NetBSD Problem Report #44995

From yamt@NetBSD.org  Thu May 26 03:17:07 2011
Return-Path: <yamt@NetBSD.org>
Received: by www.NetBSD.org (Postfix, from userid 1270)
	id E34AF63BA9C; Thu, 26 May 2011 03:17:07 +0000 (UTC)
Message-Id: <20110526031707.E34AF63BA9C@www.NetBSD.org>
Date: Thu, 26 May 2011 03:17:07 +0000 (UTC)
From: yamt@NetBSD.org
Reply-To: yamt@NetBSD.org
To: gnats-bugs@NetBSD.org
Subject: PAE cpu_load_pmap doesn't seem safe
X-Send-Pr-Version: 3.95

>Number:         44995
>Category:       port-i386
>Synopsis:       PAE cpu_load_pmap doesn't seem safe
>Confidential:   no
>Severity:       serious
>Priority:       medium
>Responsible:    port-i386-maintainer
>State:          closed
>Class:          sw-bug
>Submitter-Id:   net
>Arrival-Date:   Thu May 26 03:20:00 +0000 2011
>Closed-Date:    Tue Jun 12 17:14:52 +0000 2012
>Last-Modified:  Tue Dec 18 02:35:02 +0000 2012
>Originator:     YAMAMOTO Takashi
>Release:        NetBSD current
>Organization:

>Environment:


Architecture: i386
Machine: i386
>Description:
	in the case of PAE, cpu_load_pmap modifies L3 PDIR for
	the current cpu with the following code.
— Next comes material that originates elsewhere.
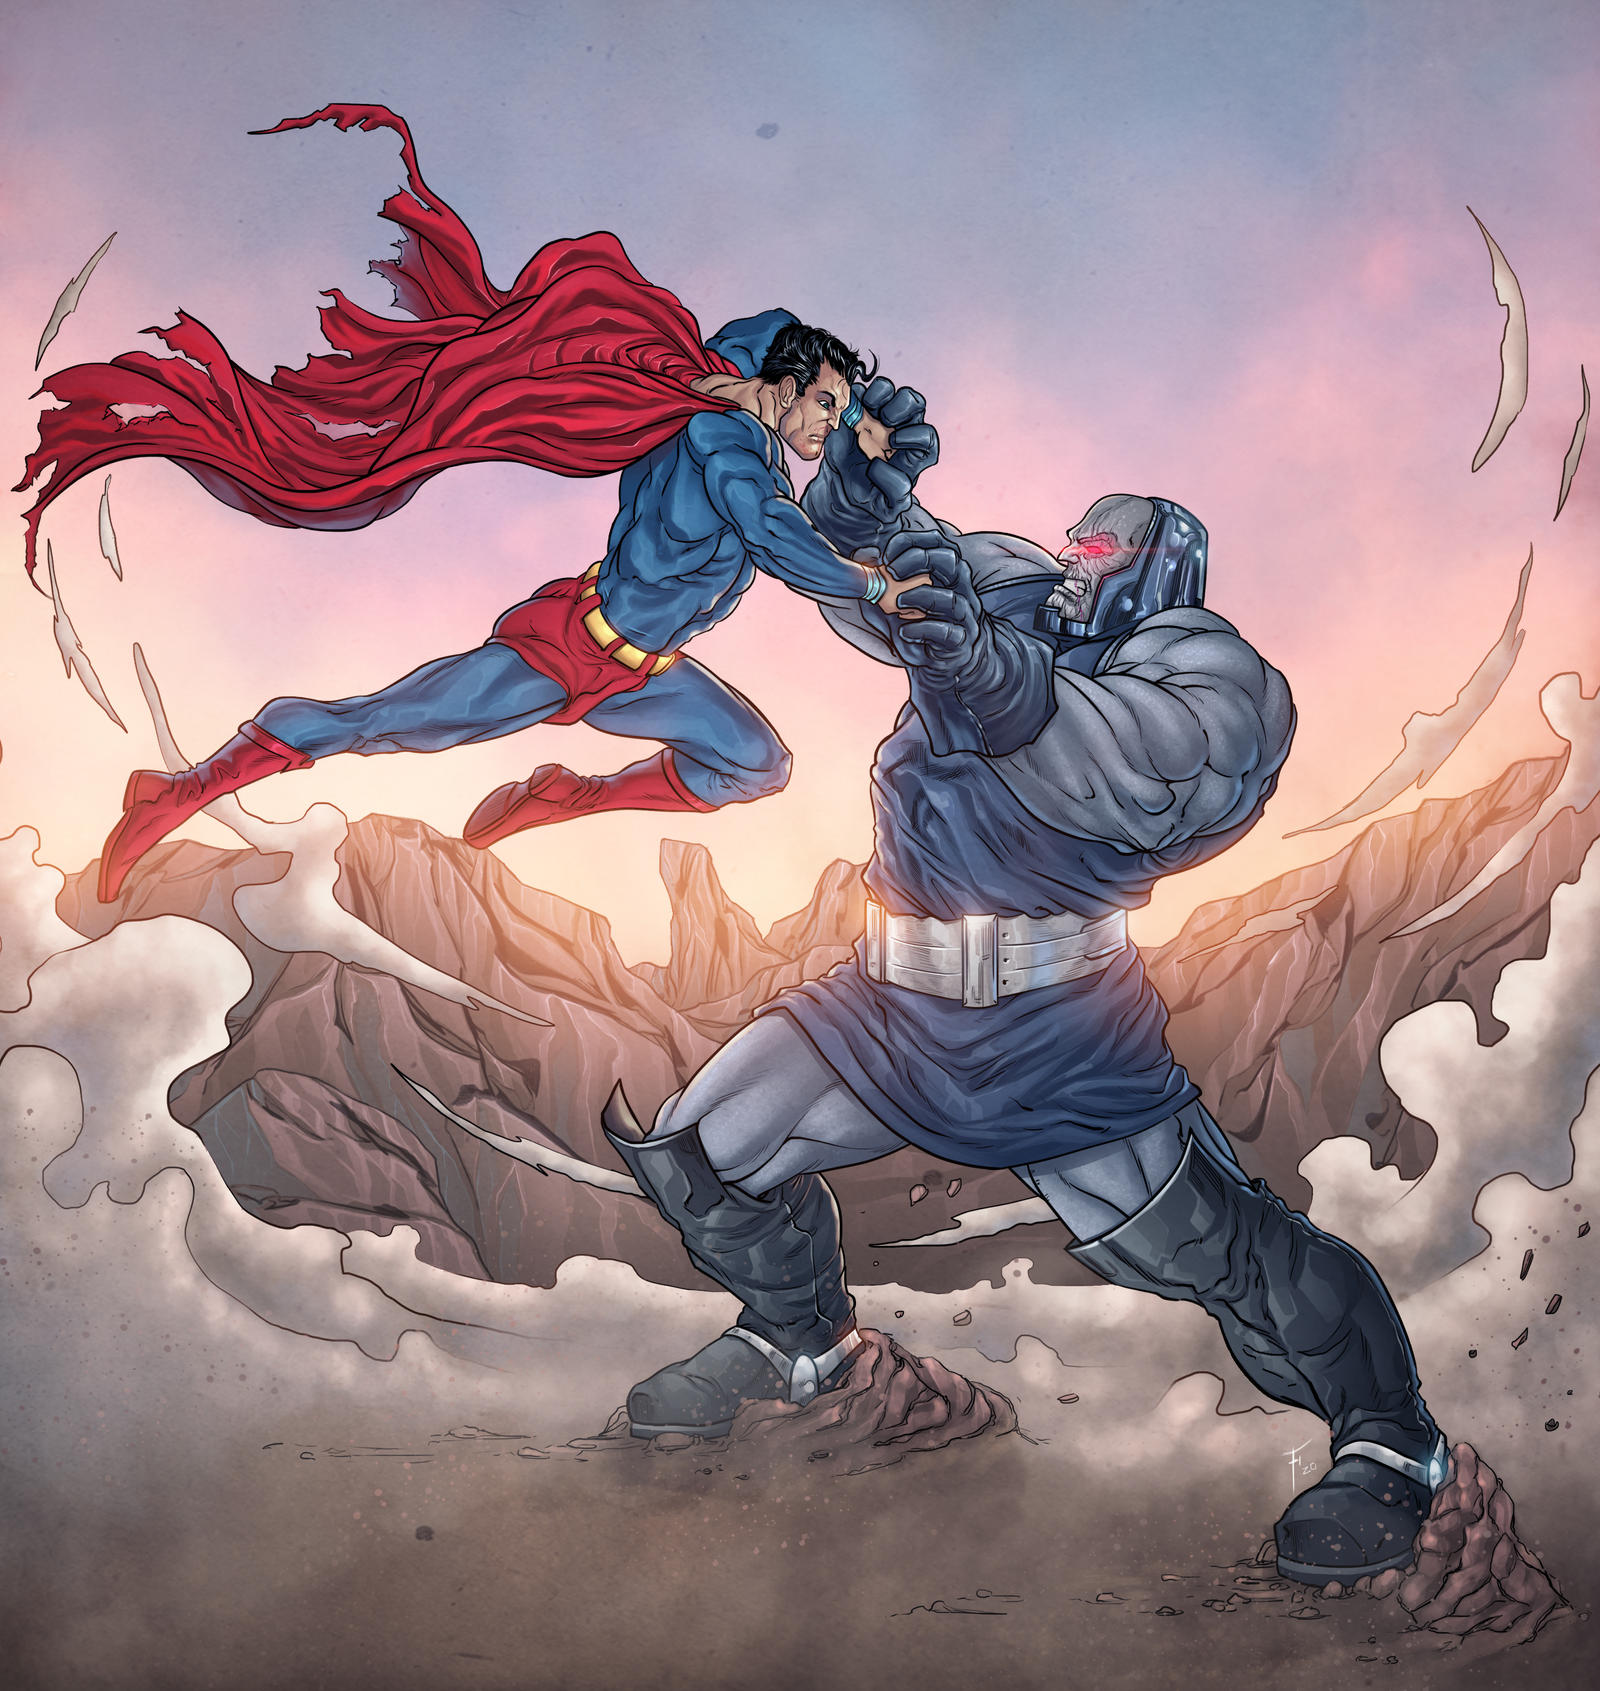 Superman VS Darkseid by Mariano1990 on DeviantArt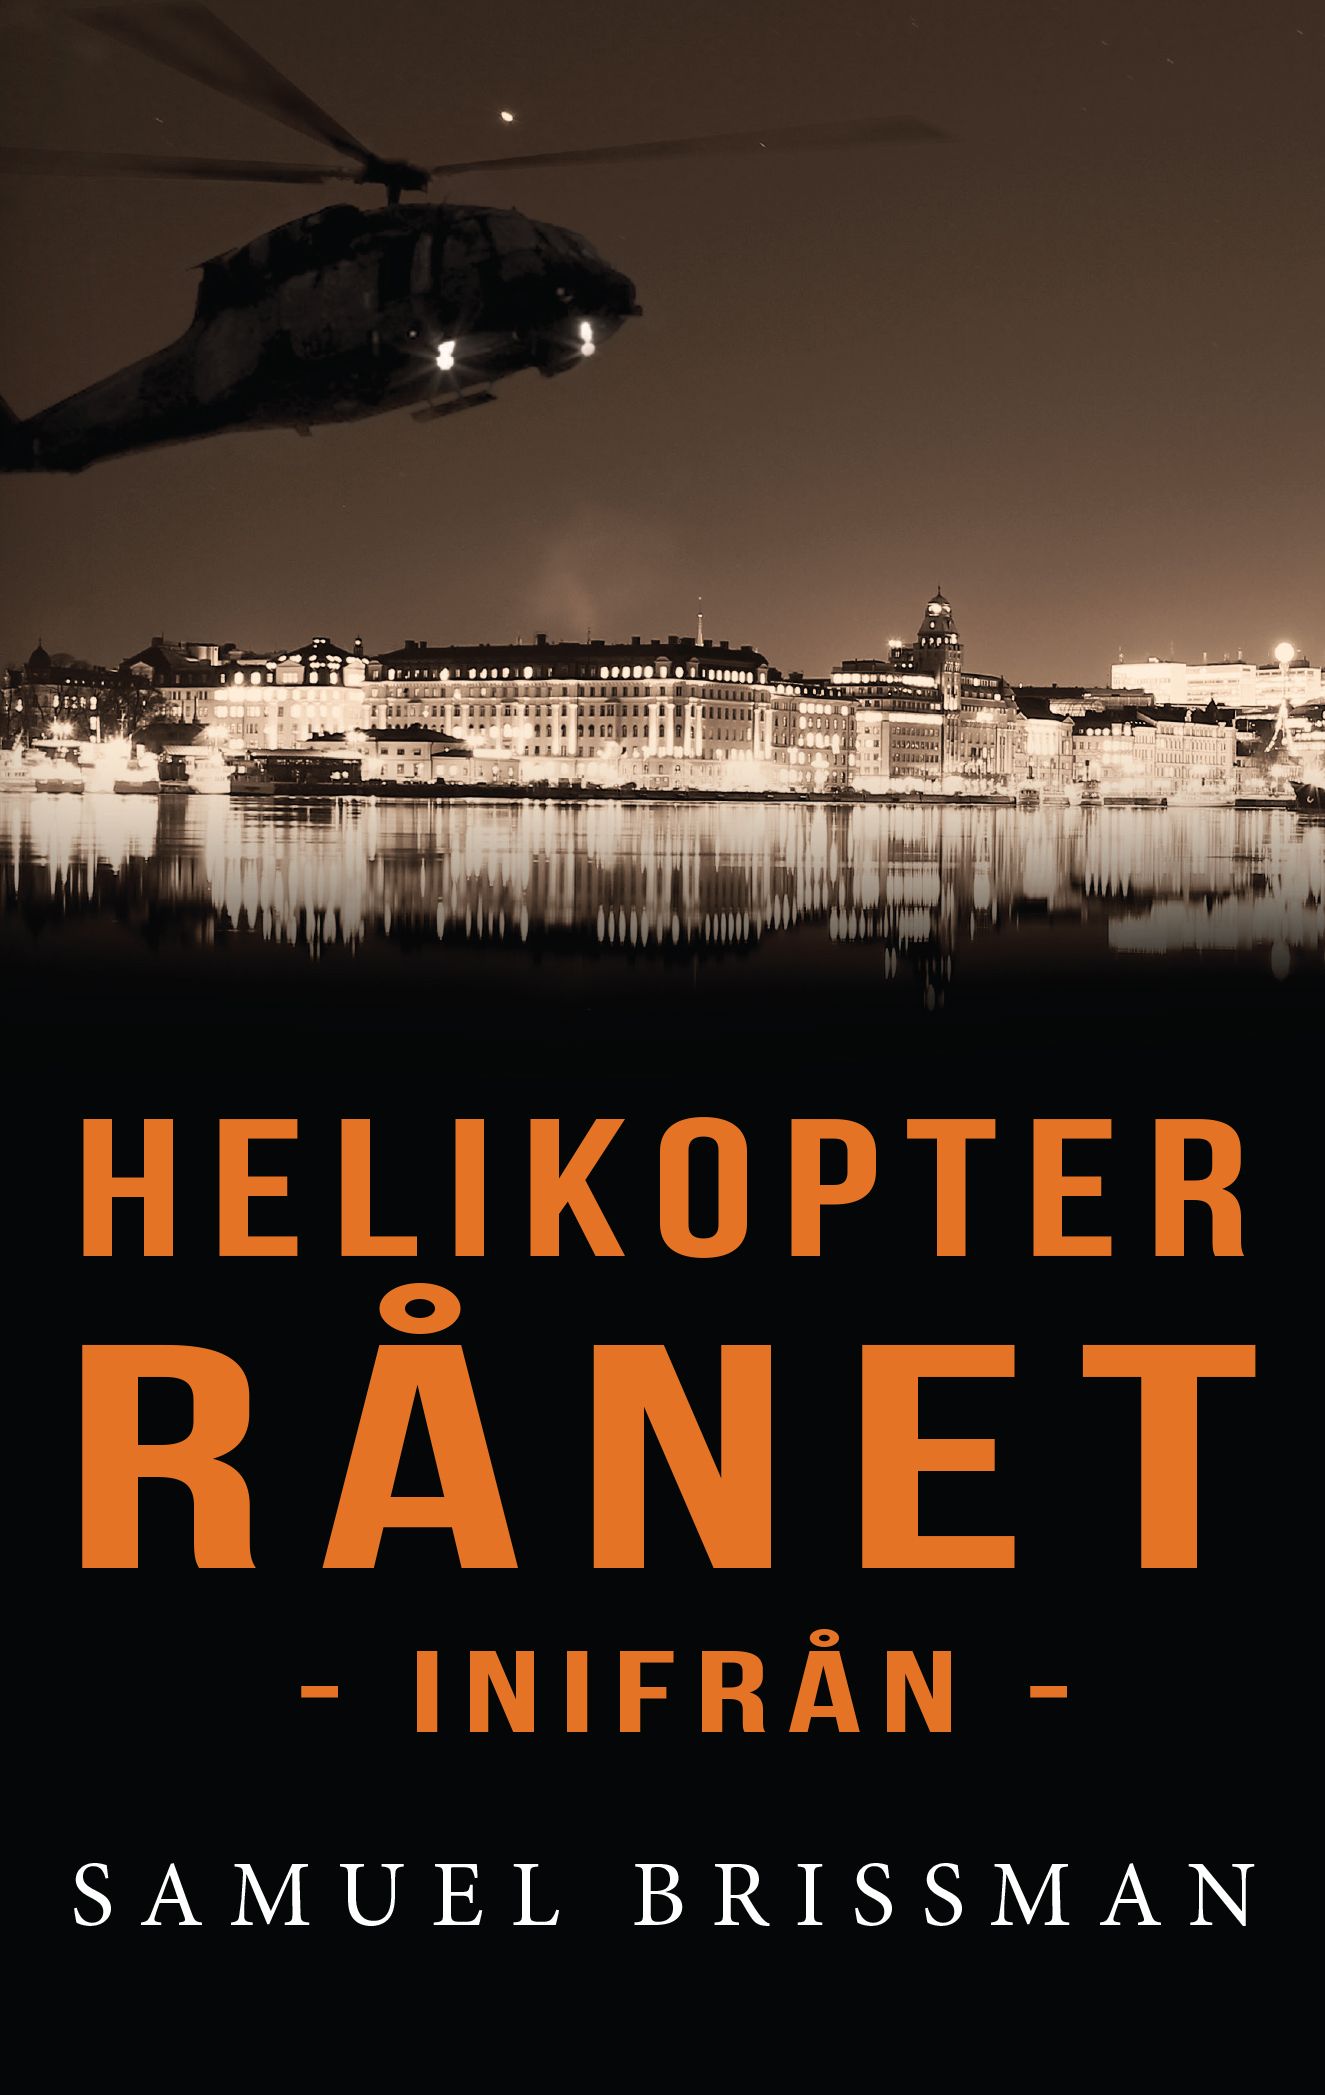 Helikopterrånet - inifrån, eBook by Samuel Brissman

		l3_pd[i] = pmap->pm_pdirpa[i] | PG_V;

	this likely will be complied into two 32-bit mov instructions
	and nothing prevents a page table walk between them.

>How-To-Repeat:

>Fix:
	make cr3 simply point to the recursive mapping part of the second
	level PTP?  (i haven't confirmed if this is possible.  just an idea.)

>Release-Note:

>Audit-Trail:

State-Changed-From-To: open->closed
State-Changed-By: yamt@NetBSD.org
State-Changed-When: Tue, 12 Jun 2012 17:14:52 +0000
State-Changed-Why:
fixed.


From: "YAMAMOTO Takashi" <yamt@netbsd.org>
To: gnats-bugs@gnats.NetBSD.org
Cc: 
Subject: PR/44995 CVS commit: src/sys/arch/x86/x86
Date: Tue, 12 Jun 2012 17:14:19 +0000

 Module Name:	src
 Committed By:	yamt
 Date:		Tue Jun 12 17:14:19 UTC 2012

 Modified Files:
 	src/sys/arch/x86/x86: cpu.c

 Log Message:
 cpu_load_pmap: disable interrupts.  add a comment to explain why.  PR/44995


 To generate a diff of this commit:
 cvs rdiff -u -r1.98 -r1.99 src/sys/arch/x86/x86/cpu.c

 Please note that diffs are not public domain; they are subject to the
 copyright notices on the relevant files.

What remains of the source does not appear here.